Выбрать главу

— Ты давно должна была оказаться в таком, — усмехнулся Октантий.

— Да, Господин, — отозвалась Ина.

— Все женщины принадлежат ошейникам, — процитировал он известное гореанское изречение.

— Да, Господин, — согласилась рабыня.

— И твое клеймо, — добавил мужчина, — получилось аккуратным, и превосходно отпечаталось в твоей плоти.

— Спасибо, Господин.

— Теперь тебя ни с кем не перепутать, — сказал он.

— Нет, Господин.

— Ты отлично отмечена.

— Да, Господин.

— Ого! — воскликнул мужчина, когда отбросил за спину ее волосы, оголив бока ее головы.

Ина вдруг разрыдалась не выдержав позора.

— Эх, — вздохнул Октантий, — как же Вы унизили и опозорили ее!

— О-о? — протянул я.

— Девка с проколотыми ушами, — насмешливо сказал он Ине, и та опустила голову, рыдая от стыда.

— Что Вы сделали со мной! — кричала она тогда. — Зачем Вы это сделали со мной!

— На самом деле, все не настолько плохо, — постарался я успокоить ее.

Потом, в течение первого анна после обработки она была неутешна, но затем начала успокаиваться. Однако теперь, в результате осмотра новым мужчиной, она снова оказалась в состоянии тяжелого унижения, будучи еще раз эмоционально подавленной мыслями о том, что с ней было сделано, и какому потрясающе оскорбительному неуважению подвергнута тем, что ее уши прокололи. Это было одной из тех надписей, которые я оставил на ее теле жировым карандашом, отправляя на обработку. Другие отметки касались типа клейма, места клеймения и типа ошейника. Символы, указанные на доске, около начального пункта цепи обработки, где стояла очередь из женщин и девушек со скованными за спиной руками, позволяли закодировать инструкции для мастеров клейм и прочих дел, связанных с рабынями. Эти отметки на теле принято оставлять на видном месте, так, чтобы мастера точно знали, где искать и ни в коем случае не пропускать ни одной детали.

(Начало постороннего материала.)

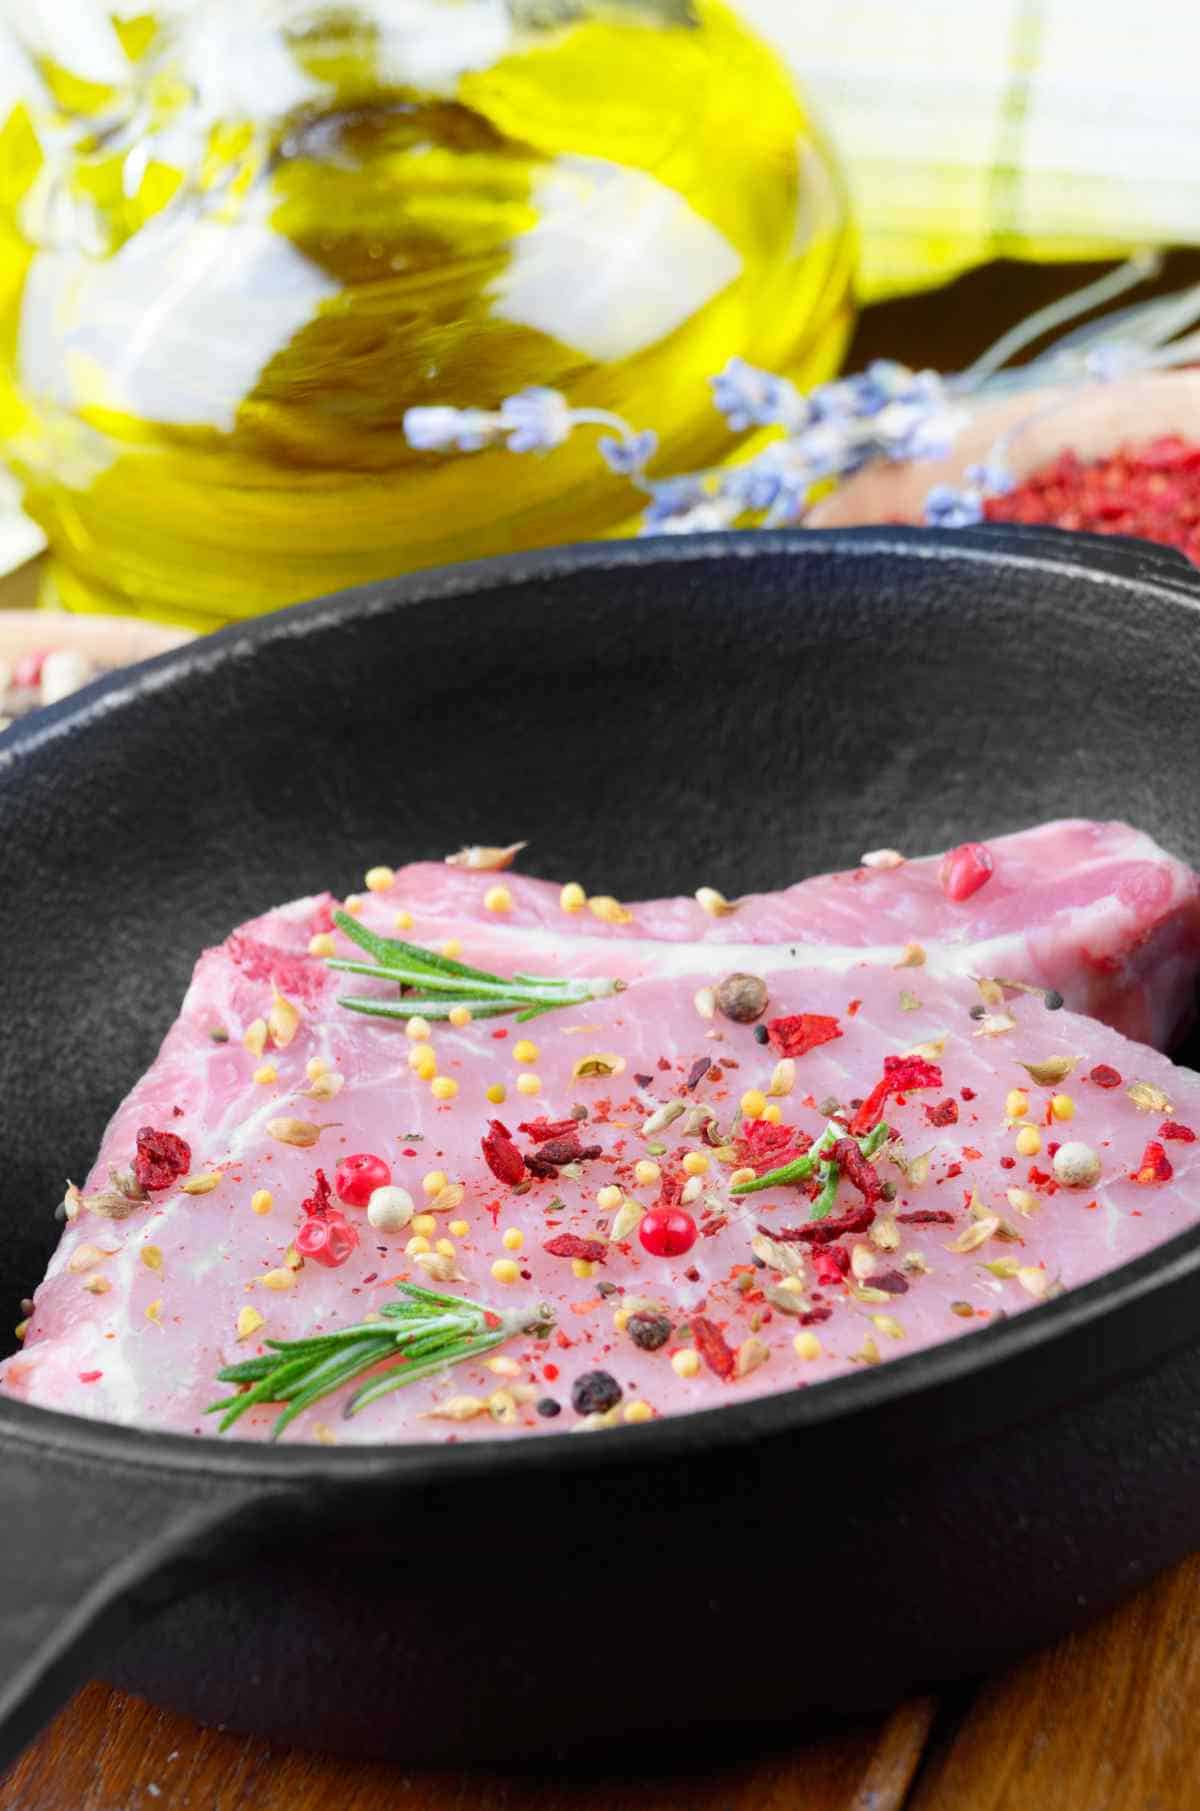 Raw pork rib chops on frying pan with rosemary, pepper garlic and spices.

Этим местом, в соответствии с соглашением работорговцев по временной маркировке женщин, является левая грудь.

— Вы, конечно, не одобряете, — понимающе улыбнулся я.

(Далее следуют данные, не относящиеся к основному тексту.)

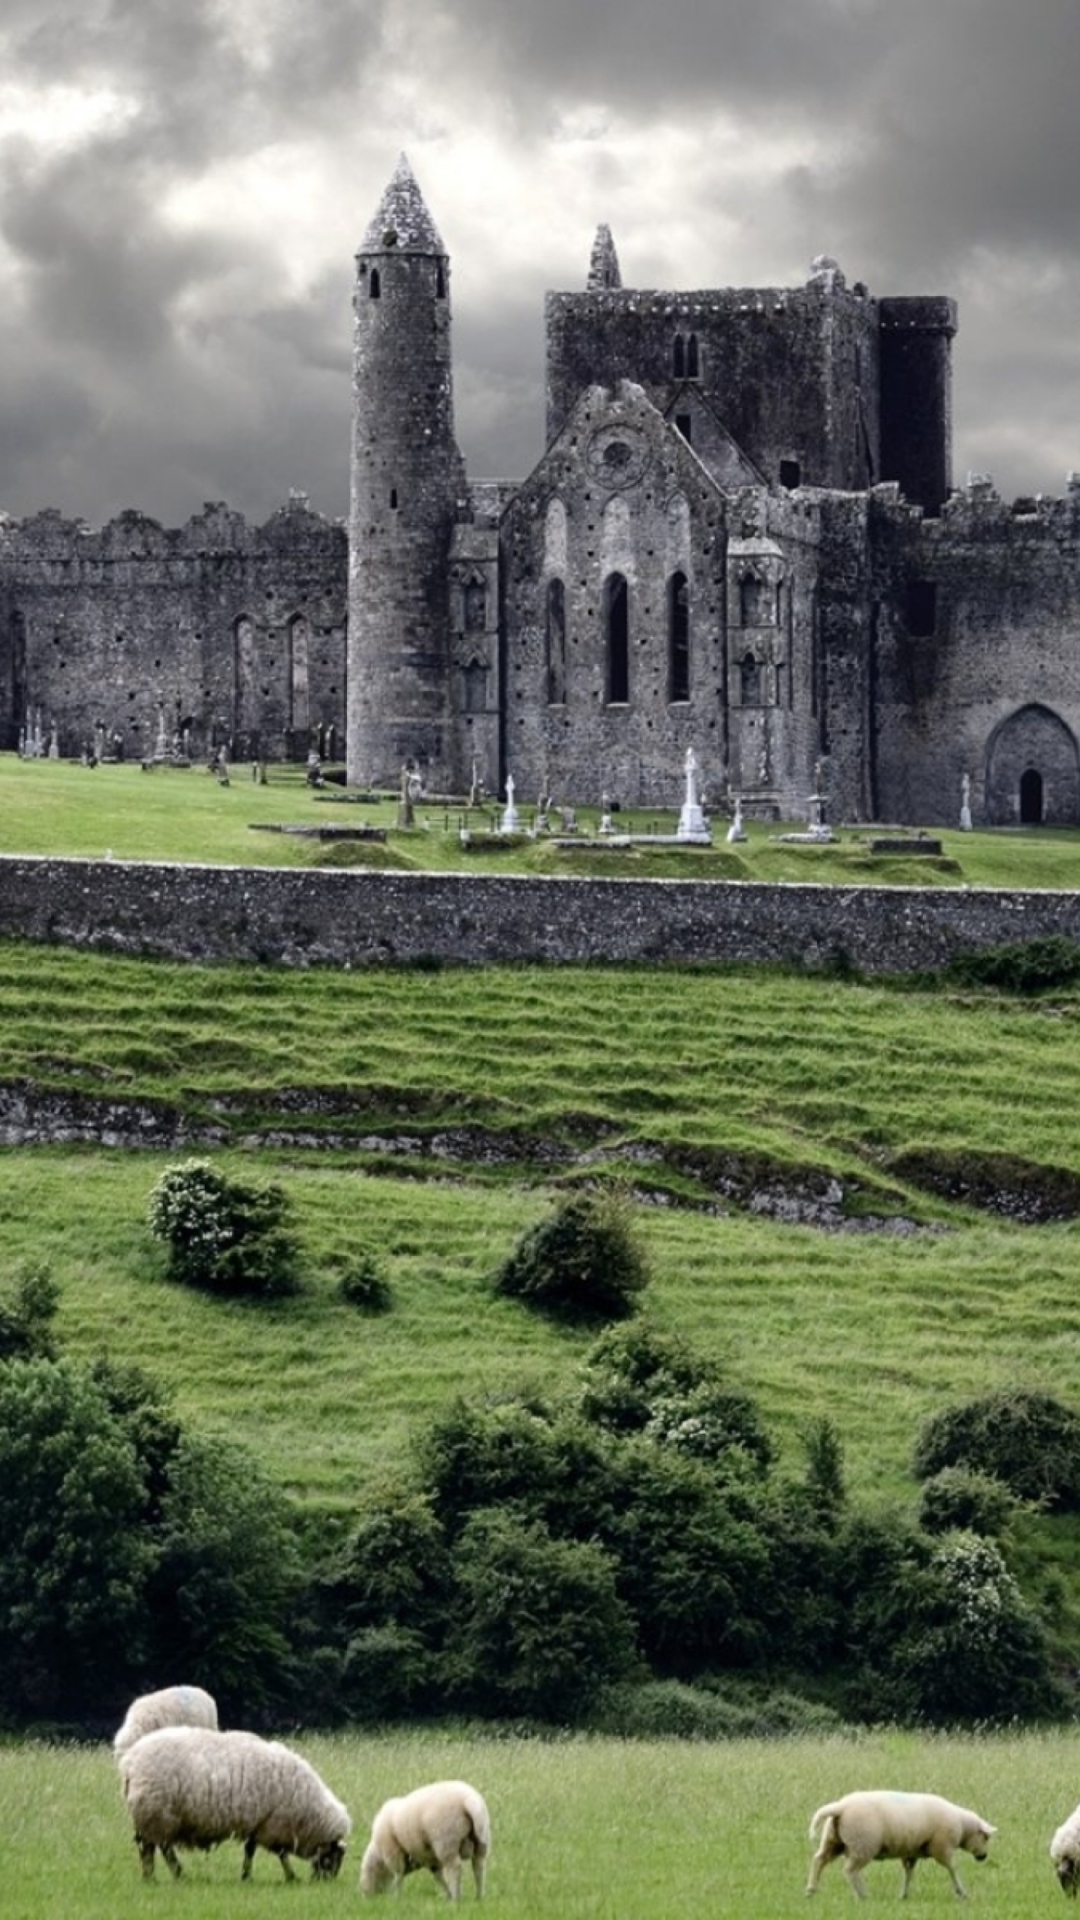 Ireland Landscape With Sheep And Castle screenshot #1 1080x1920

— Да что Вы, — отмахнулся Октантий. — Наоборот, всецело одобряю!

Ина пораженно уставилась на своего бывшего подчиненного.

— Теперь на тебя можно надеть сережки, — сообщил ей мужчина, и взгляд рабыни наполнился ужасом.

— Сомневаюсь, что ваш заказчик, или заказчики, одобрят подобное, — заметил я.

— Не думаю, что это имеет для них какое-то значение, — усмехнулся он.

— О-о, — протянул я.

— В конце концов, это логично, — сказал он, — если уши рабыни должным образом подготовлены, то они вполне готовы принять закрепление в них подобающих украшений.

— Понятно, — кивнул я.

— Можно ее снова упаковать в капюшон, — небрежно бросил Октантий.

— Значит, Вы были шкипером на ее барже? — уточнил я.

— Да, — кивнул он.

— Могу я поинтересоваться, насколько большой была команда?

— Девять человек, включая меня самого, — ответил Октантий.

Получалось две вахты по четыре человека с шестами. А те кто были свободны от приведения в движение баржи, могли попарно вести наблюдение и охранять свою подопечную.

— А потом вас заманили в засаду ренсоводы, — сказал я.

— Да, — ответил мужчина.

— И скольким из вашего экипажа удалось выйти из дельты? — поинтересовался я.

— Всем девяти, — не стал скрывать он. — Они, похоже, не имели ничего против того, чтобы мы ушли.

— Понятно, — сказал я.

— Кажется, им была нужна только она, — усмехнулся Октантий.

— Это тоже можно понять, — признал я.

— Ты когда-то была важной персоной, не так ли, Ина? — спросил он.

— Возможно, Господин, — вздохнула женщина.

— Но теперь Ты не имеешь значения, правда?

— Никакого, Господин, — подтвердила она.

Конечно, она не могла иметь какого-либо значения как рабыня. И я готов был это признавать. Однако если был кто-то, кто готов был отдать за ней сто монет полновесного золота, то у нее имелась весьма немалая ценность для этого кого-то, в некотором измерении.

— Думаю, что им показалось забавным дать нам уйти, — пожал он плечами. — Они даже не попытались задержать нас или организовать преследование. Подозреваю, что они добивались нашего бегства, чтобы она осталась на барже, в одиночестве ждать рук похитителей на своих одеждах, и их веревок на своем теле.